▶ **Data extract**:

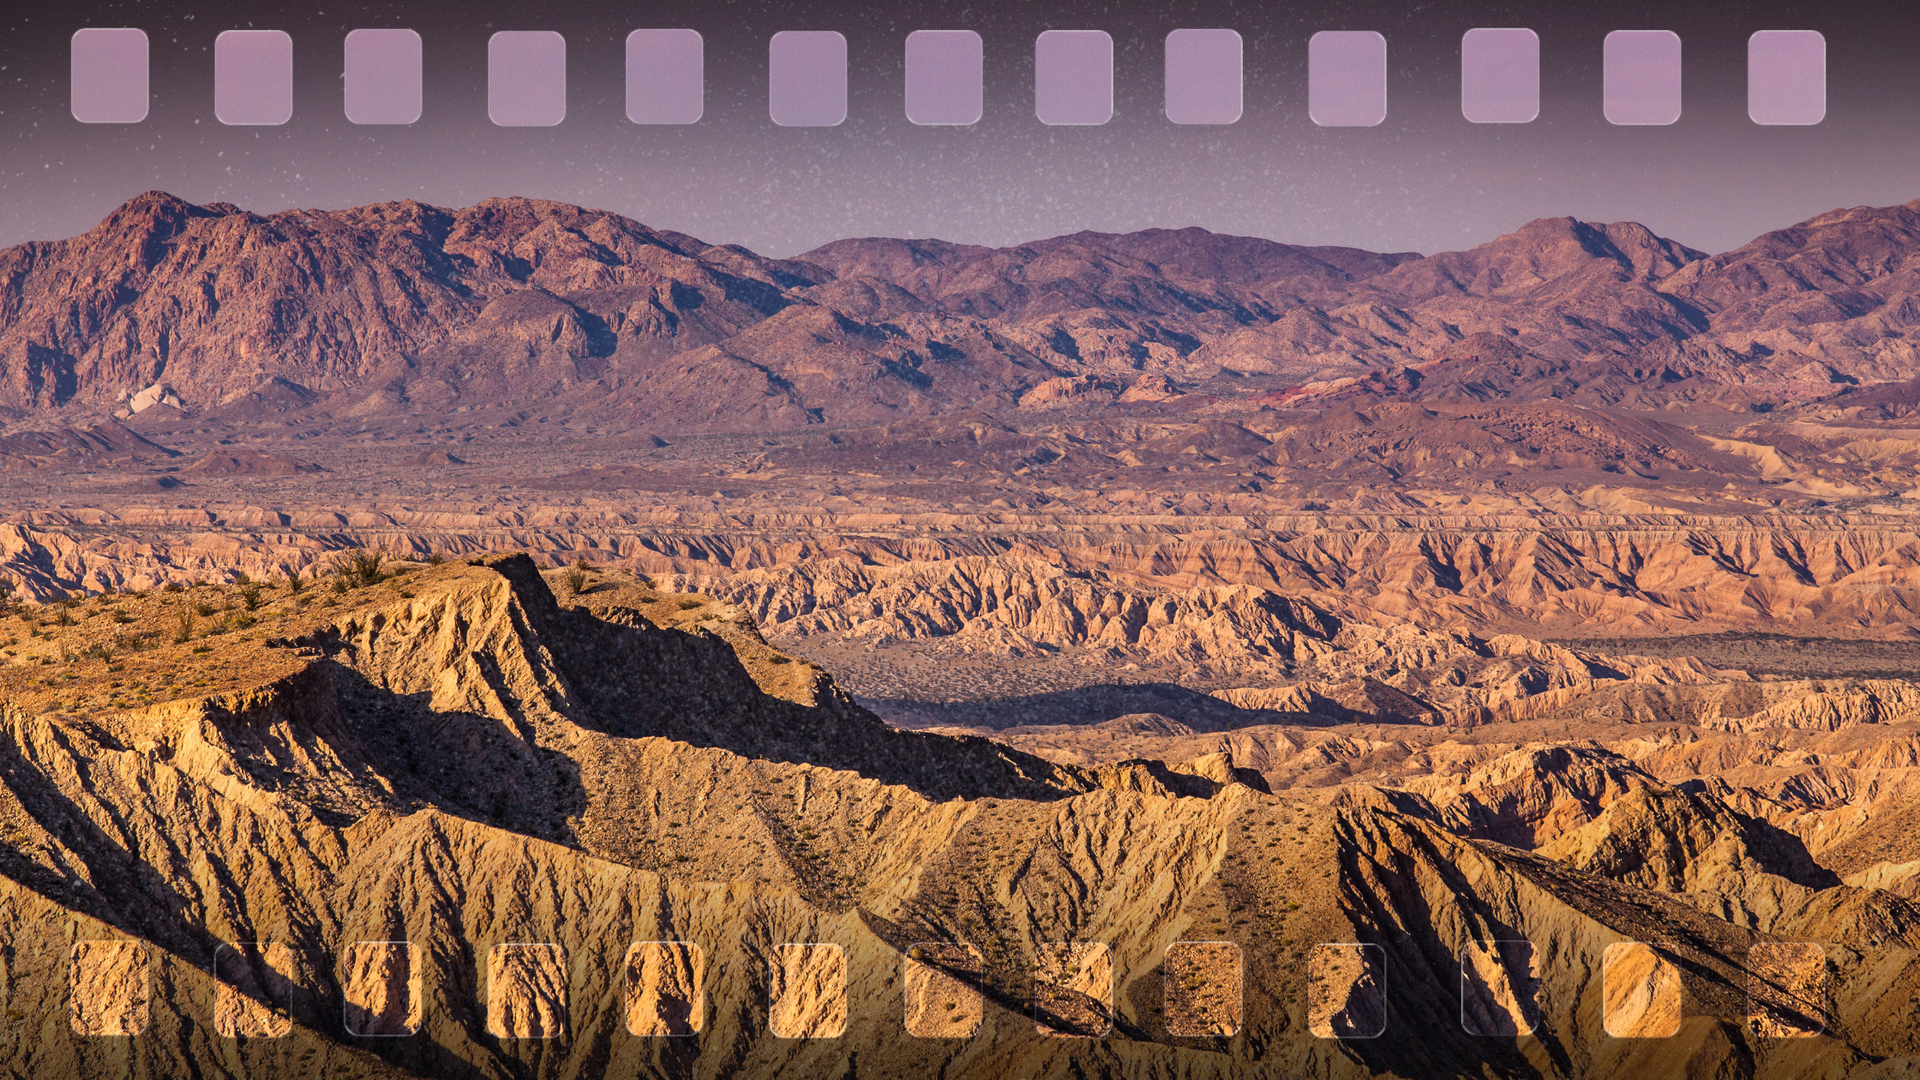 Films set in Anza-Borrego Desert State Park.
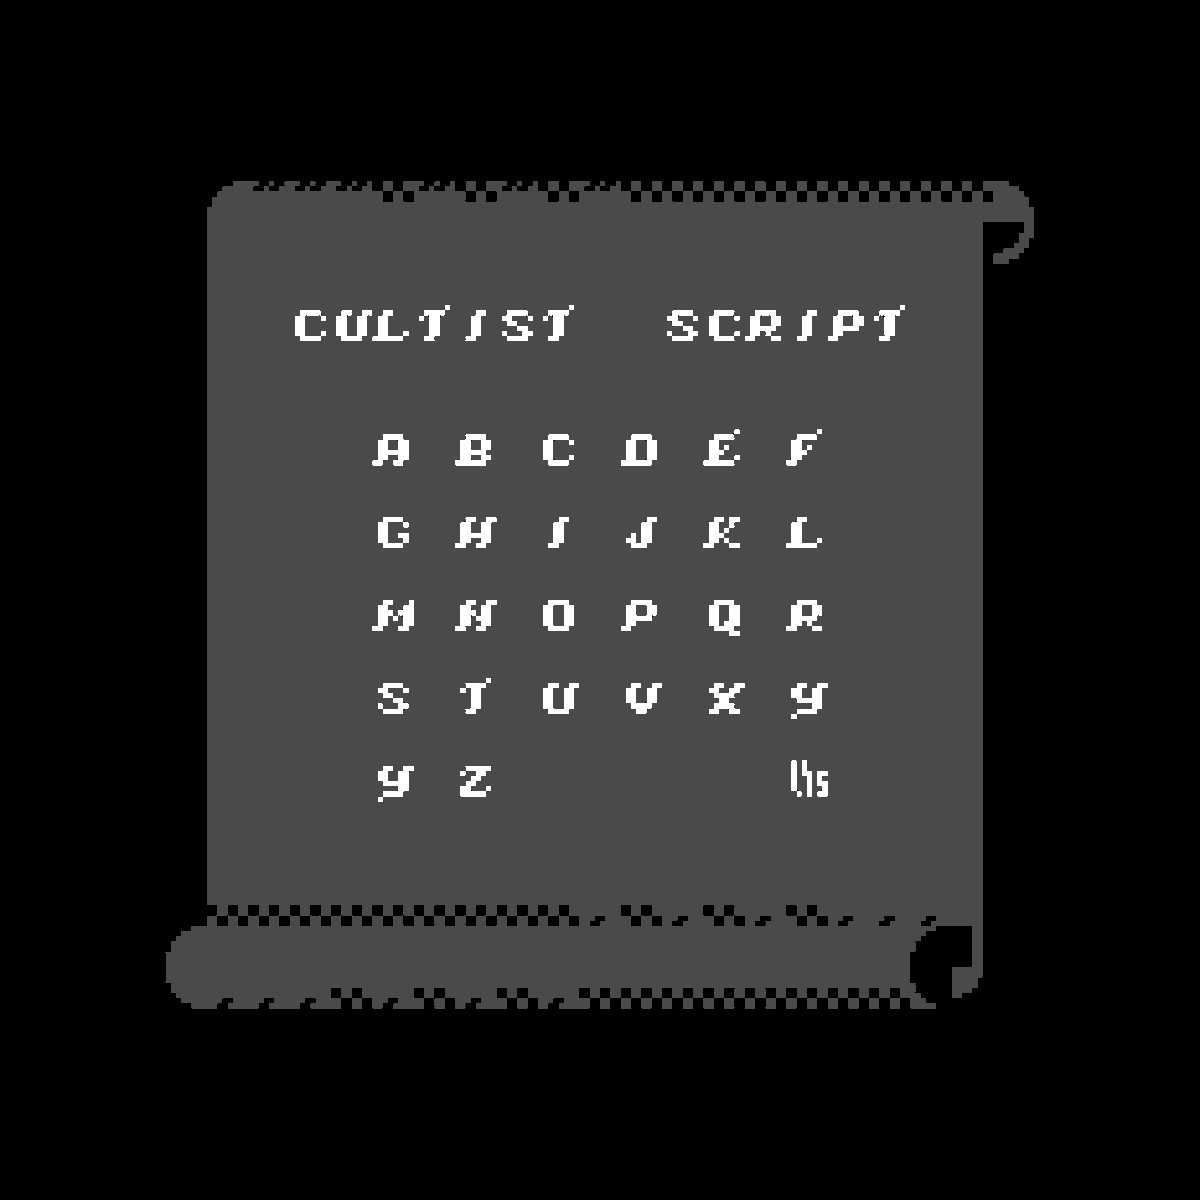 Cultist Script | Available for C64 at buff.ly/3UzWltG

#ascii #asciiart #art #bbs #c64 #commodore64 #computer #computerart #demoscene #digital #petscii #petsciiart #text #textart #textmode #textpunk #8bit #8bitart #typeface #typefacedesign #font #fontdesign #cultist

▶ **What this task involves**:
From the first line to the last, copy the listing above exactly and leave out the images.

▶ **Response to the task**:
 Films set in Anza-Borrego Desert State Park.
 Cultist Script | Available for C64 at buff.ly/3UzWltG

#ascii #asciiart #art #bbs #c64 #commodore64 #computer #computerart #demoscene #digital #petscii #petsciiart #text #textart #textmode #textpunk #8bit #8bitart #typeface #typefacedesign #font #fontdesign #cultist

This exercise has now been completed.